▶ Task description
In the copy, include exactly the lines from the one with "Đăng ký internet" through the end of the data and no others, both ends kept, with every picture left out.

▶ Recorded data

____

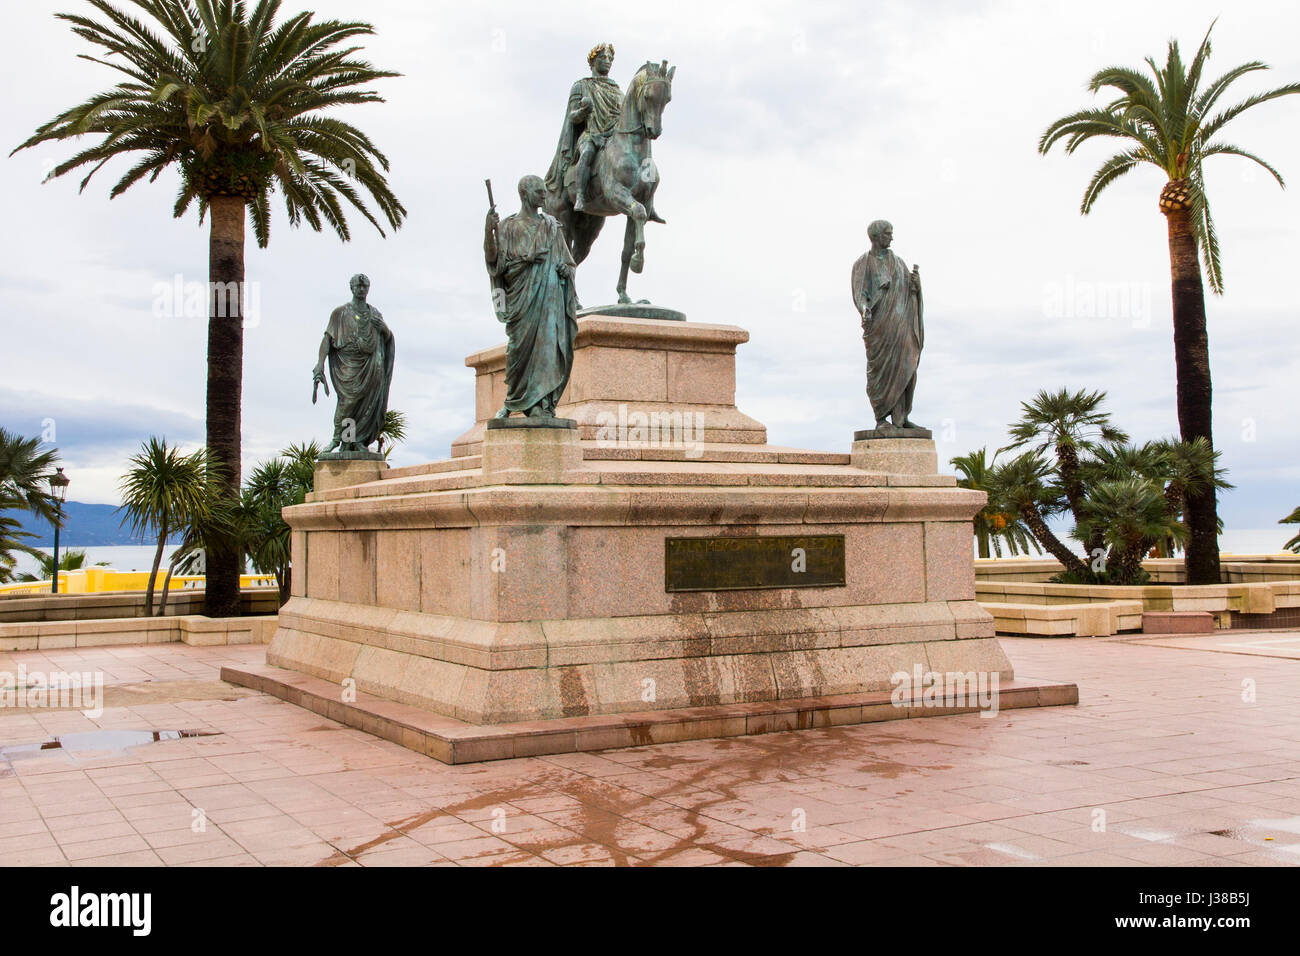 Von Korsika eingeborener Sohn Napoleon Bonaparte ist memorialized mit vielen Monumenten in Ajaccio, einschließlich dieses Reiterstandbild in Place de Gaulle, Ajaccio. Stockfoto
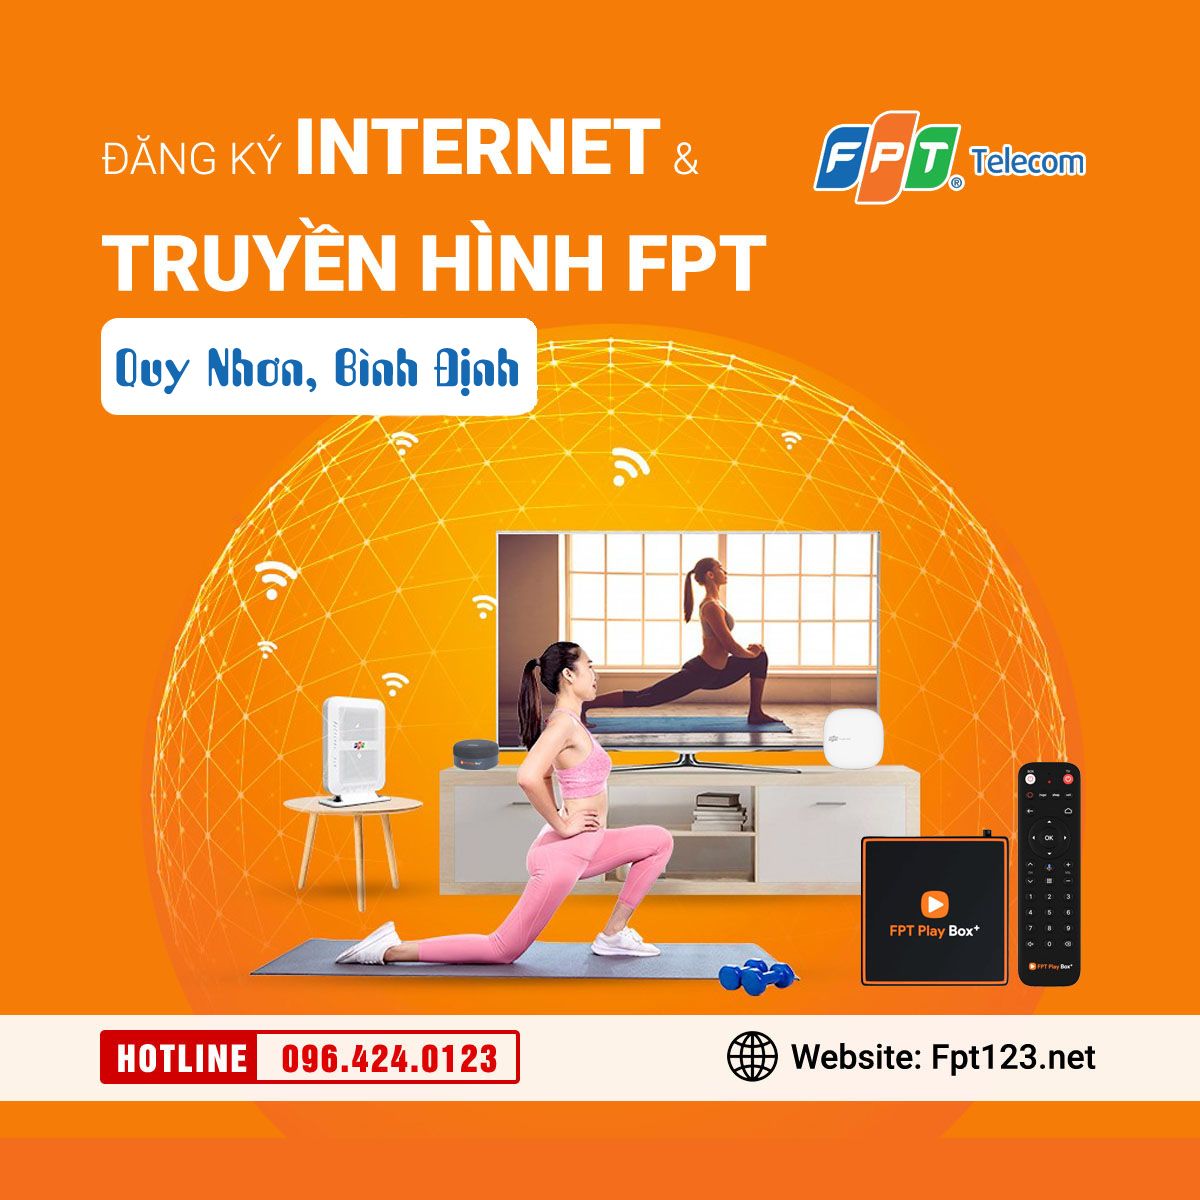 Đăng ký internet và truyền hình FPT Quy Nhơn, Bình Định
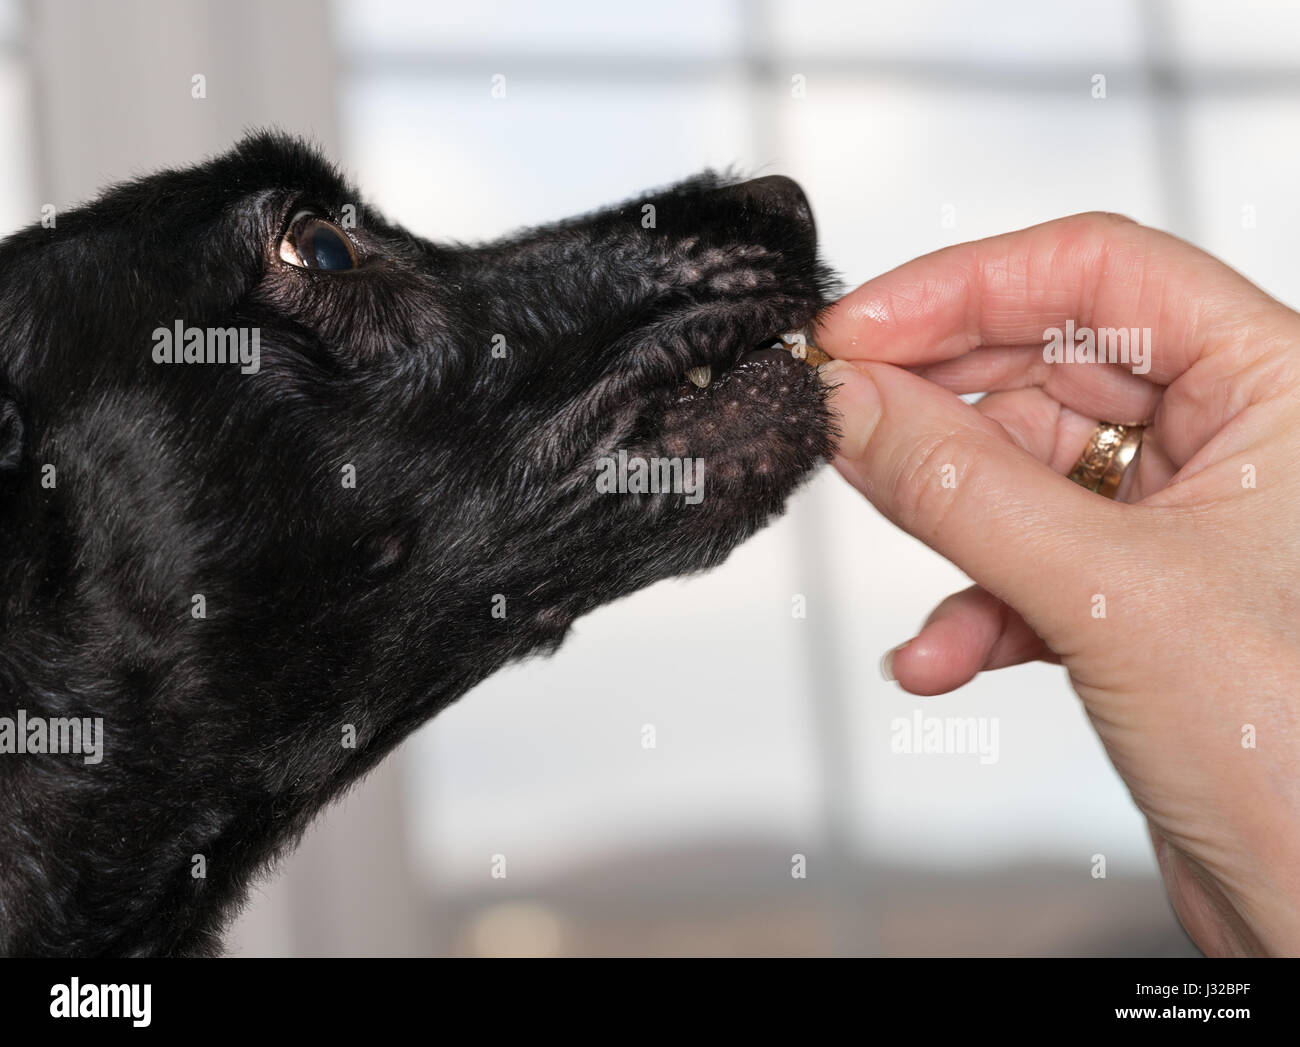 Feeding a dog a treat Stock Photo
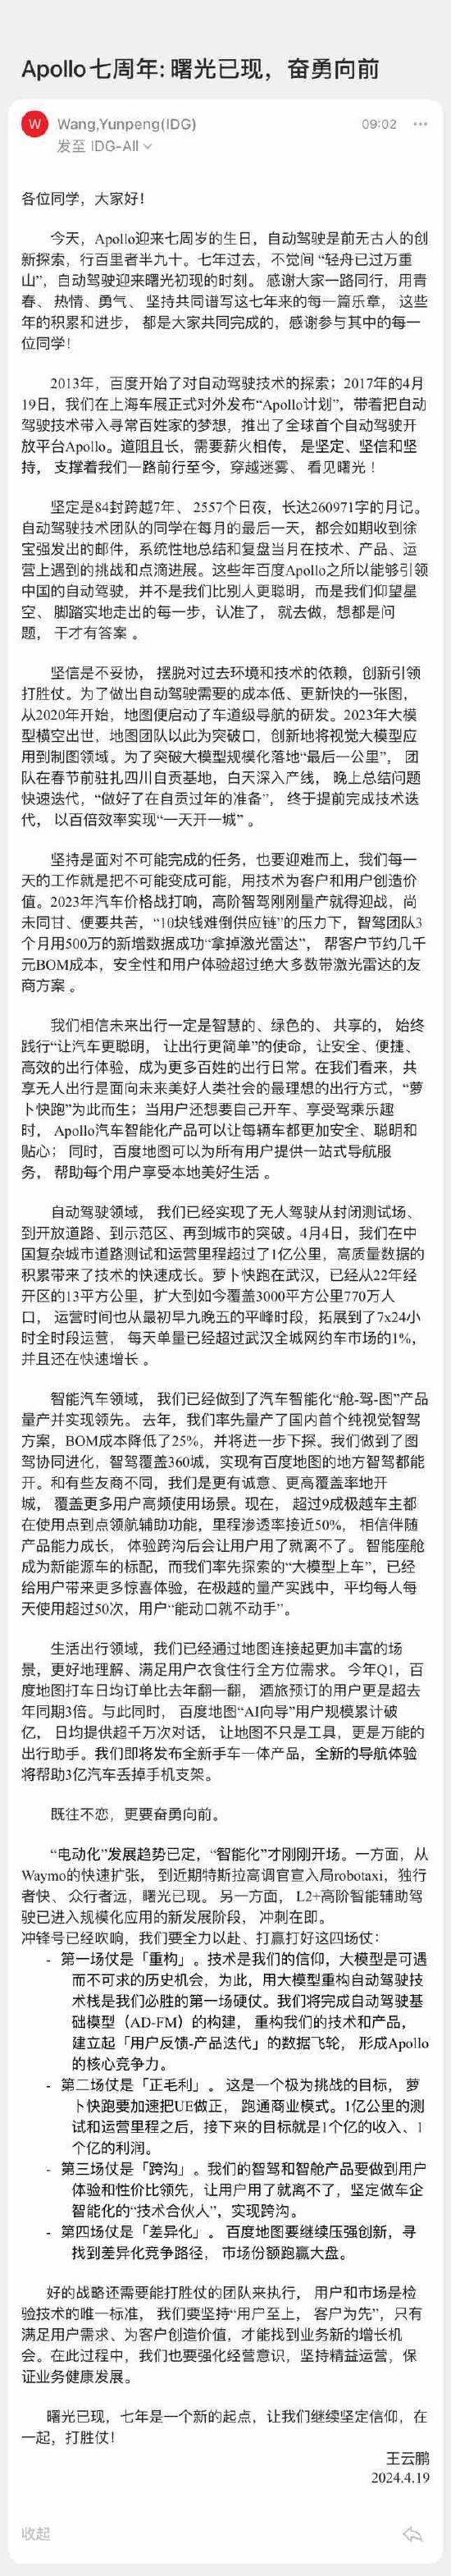 百度智驾总裁王云鹏：将发布手车一体地图产品，帮助 3 亿汽车扔掉手机支架

____

▶ Task solution
 Đăng ký internet và truyền hình FPT Quy Nhơn, Bình Định
 Feeding a dog a treat Stock Photo
 百度智驾总裁王云鹏：将发布手车一体地图产品，帮助 3 亿汽车扔掉手机支架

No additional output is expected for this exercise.